▶ _Problem statement_
This exercise calls for an exact copy of the listing, with no pictures kept.

▶ _Provided data_
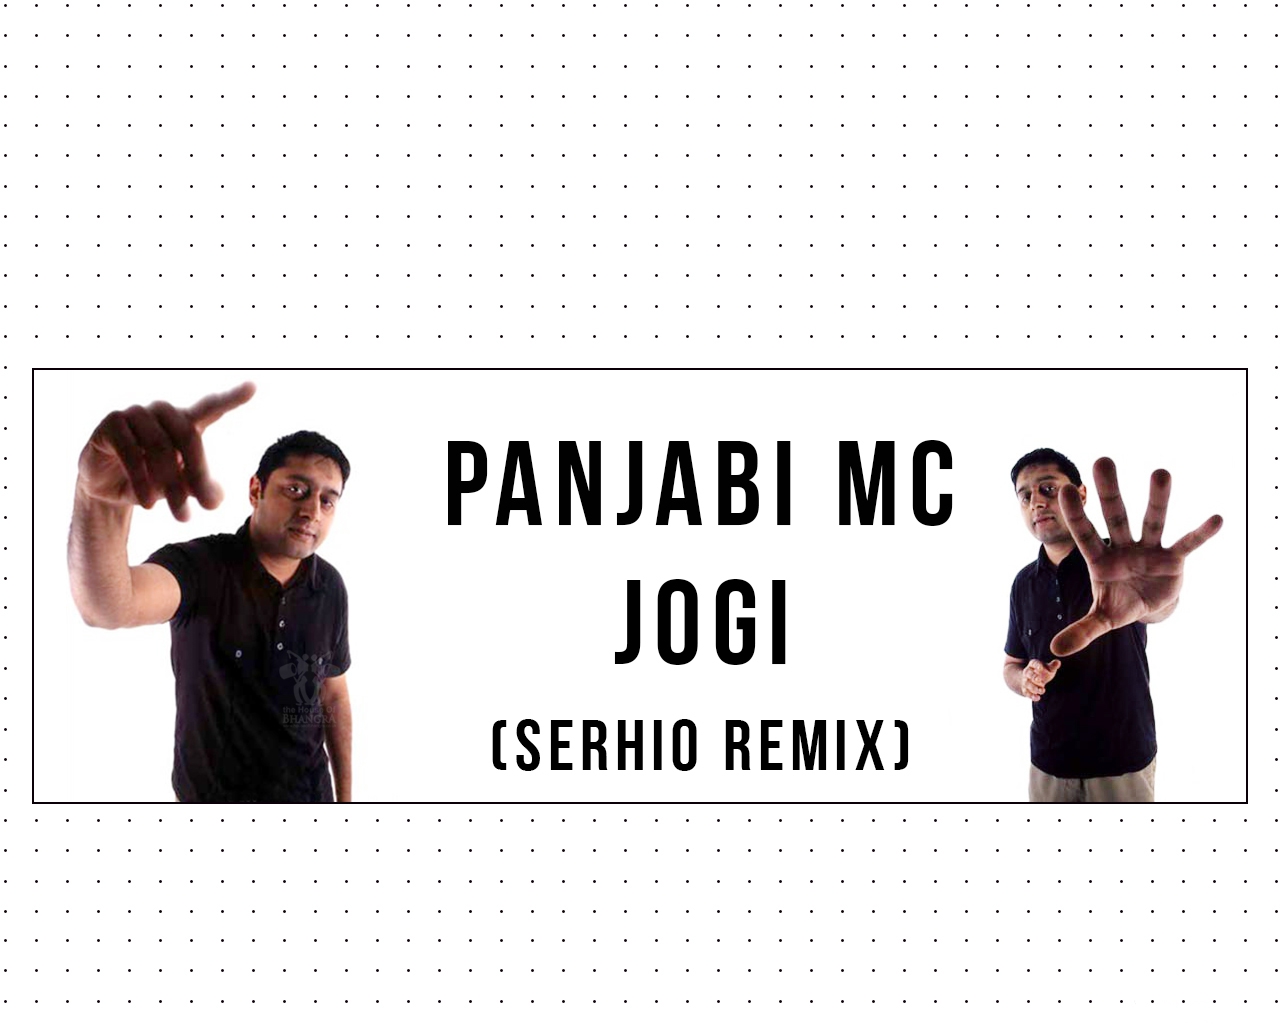 Panjabi mc слушать. Jogi Panjabi. Panjabi MC Jogi. Jogi (Panjabi MC Song). Panjabi MC Jogi 2003 German.
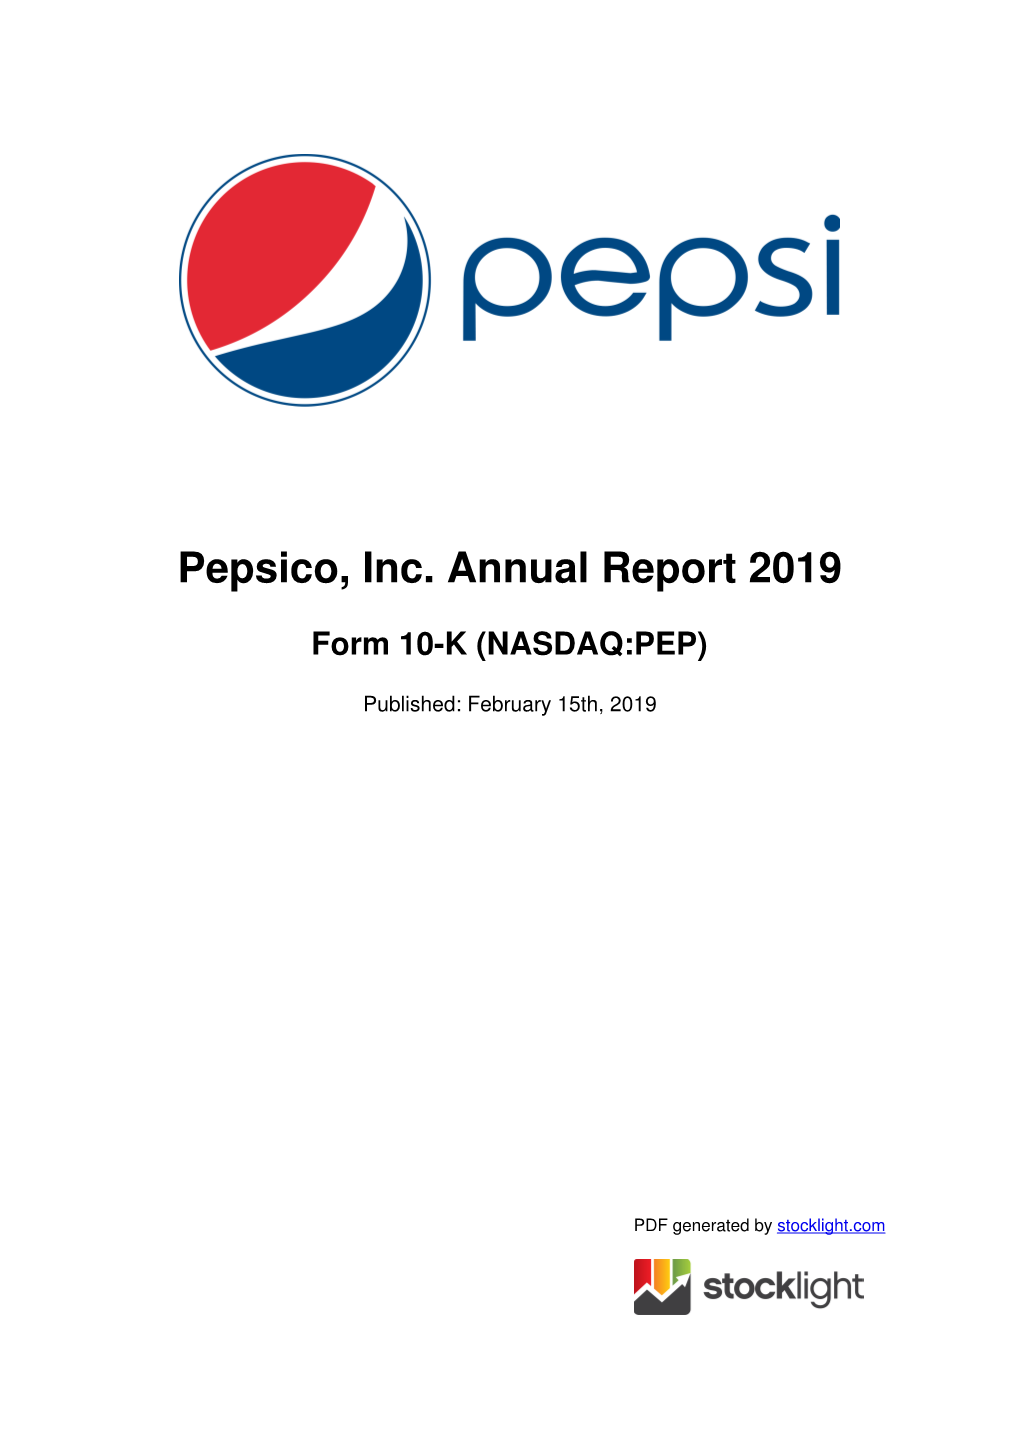 Pepsico, Inc. Annual Report 2019
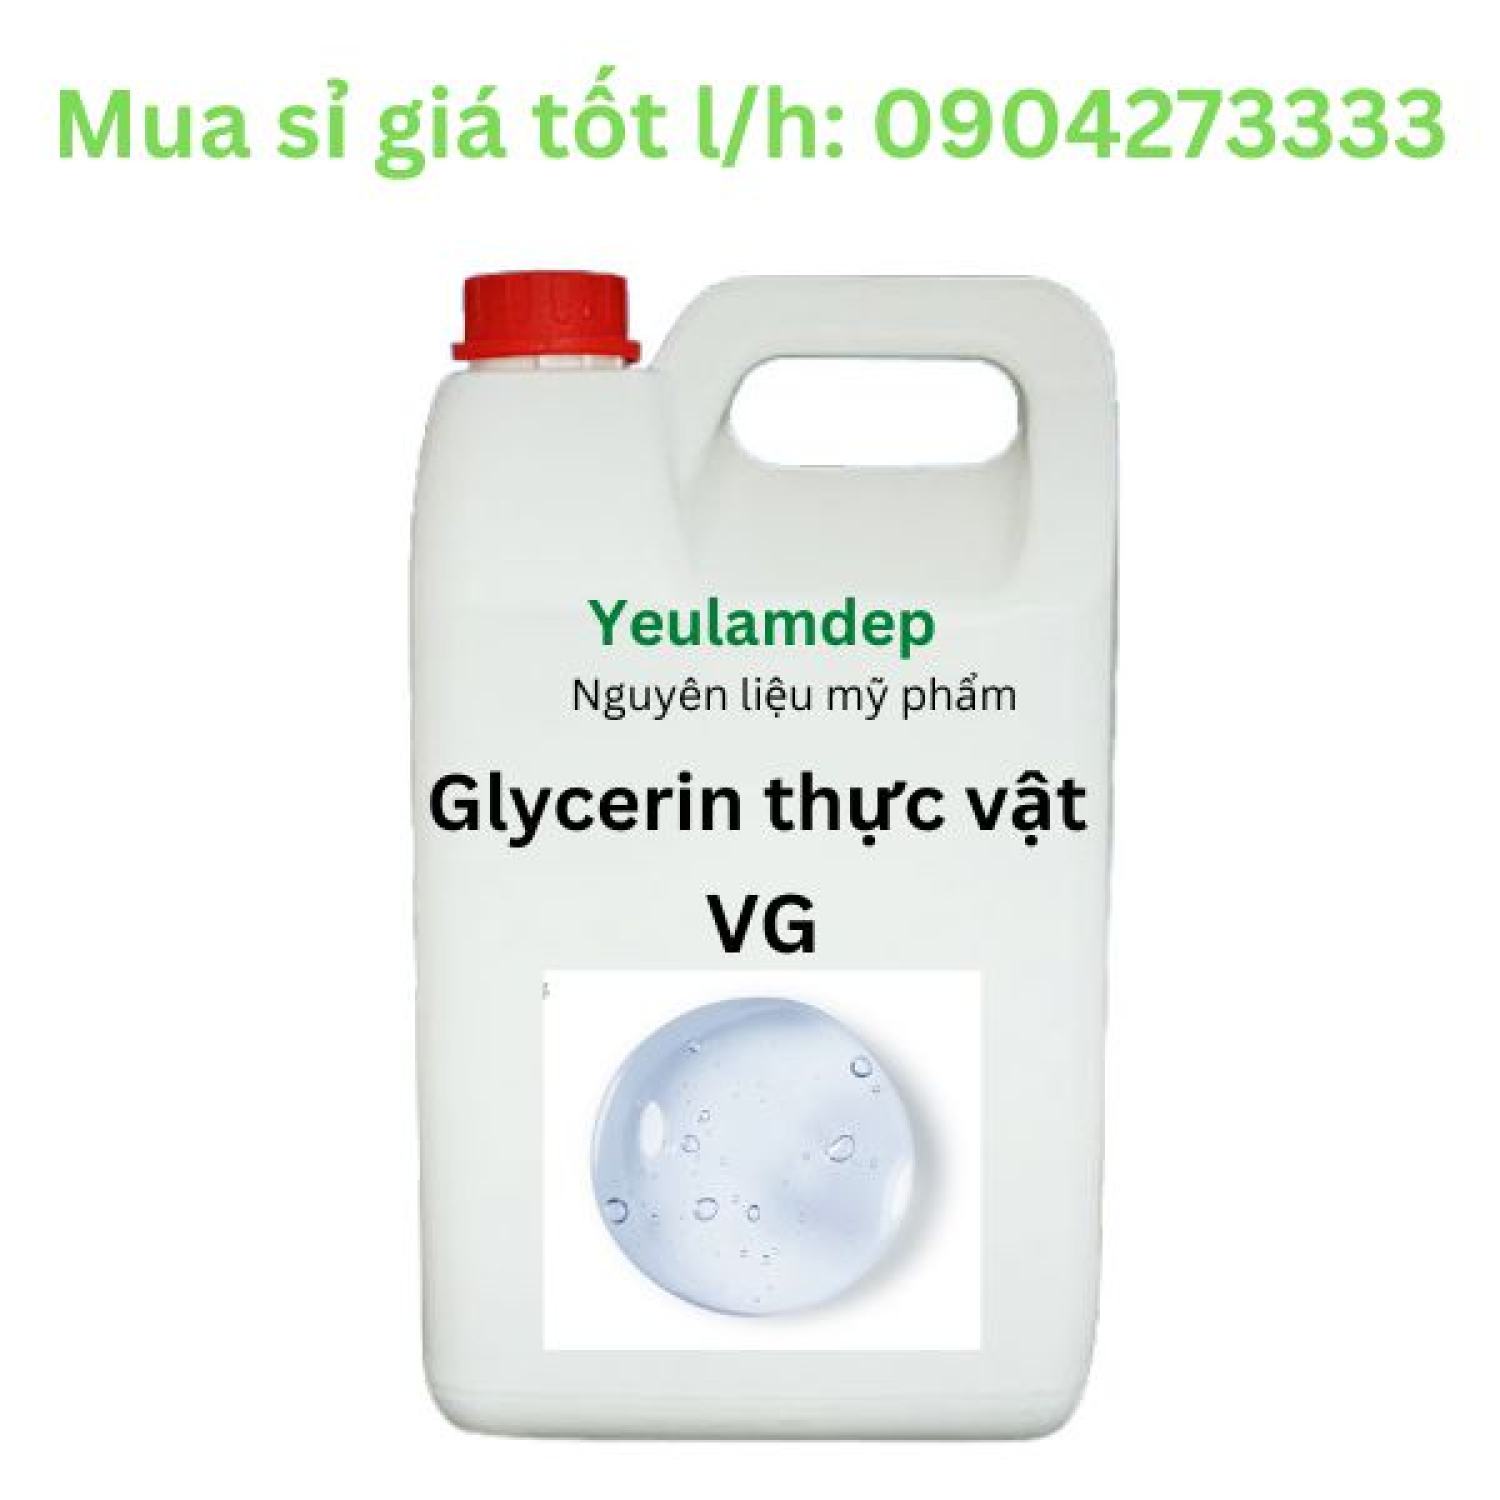 Glycerin thực vật 99,7% (VG) - nguyên liệu mỹ phẩm - 1 kg
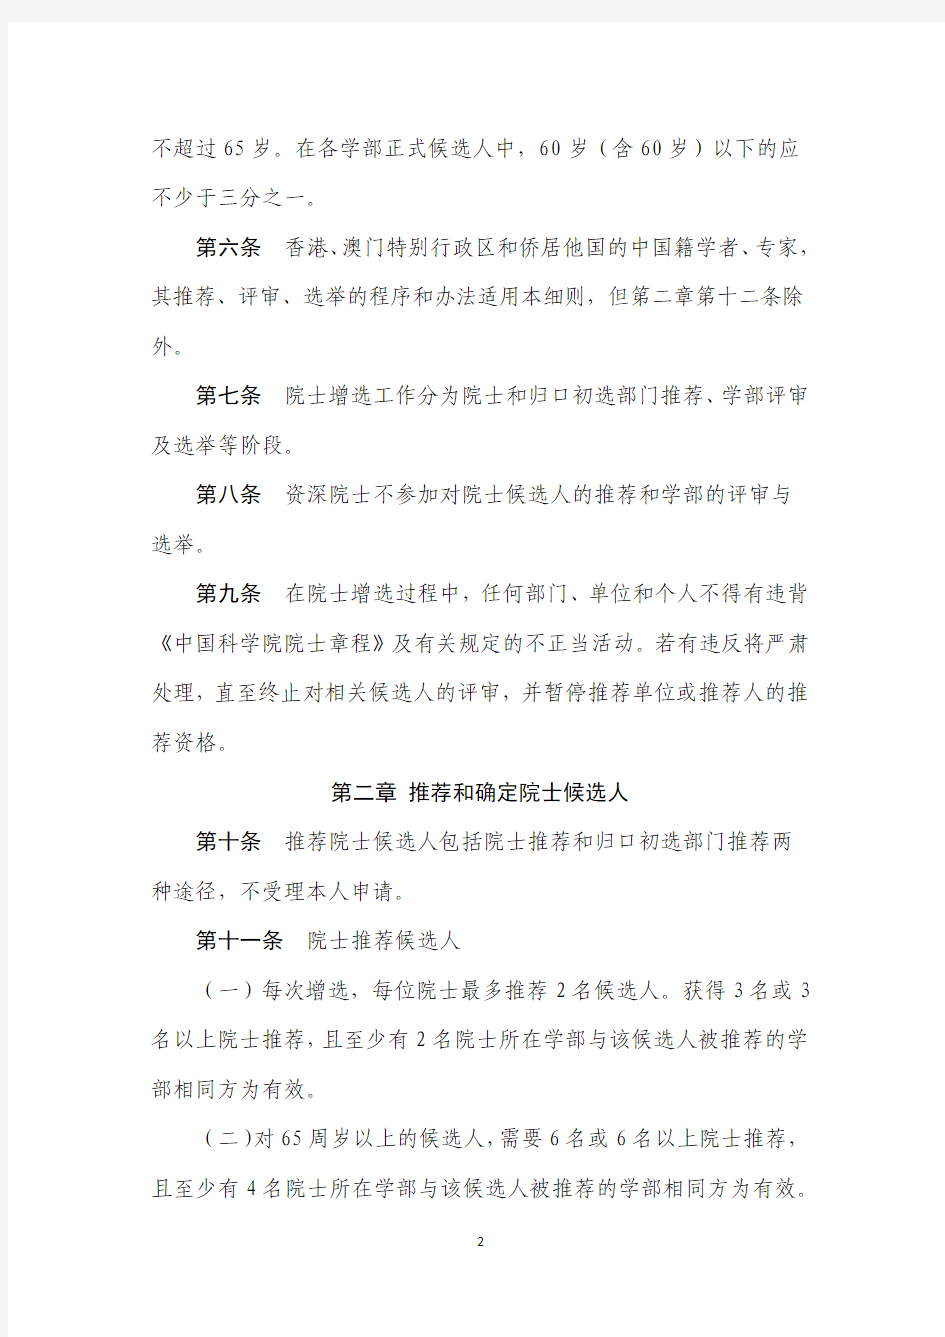 中国科学院院士增选工作实施细则

▶ _Response area_
 Panjabi mc слушать. Jogi Panjabi. Panjabi MC Jogi. Jogi (Panjabi MC Song). Panjabi MC Jogi 2003 German.
 Pepsico, Inc. Annual Report 2019
 Glycerin thực vật 99,7% (VG) - nguyên liệu mỹ phẩm - 1 kg
 中国科学院院士增选工作实施细则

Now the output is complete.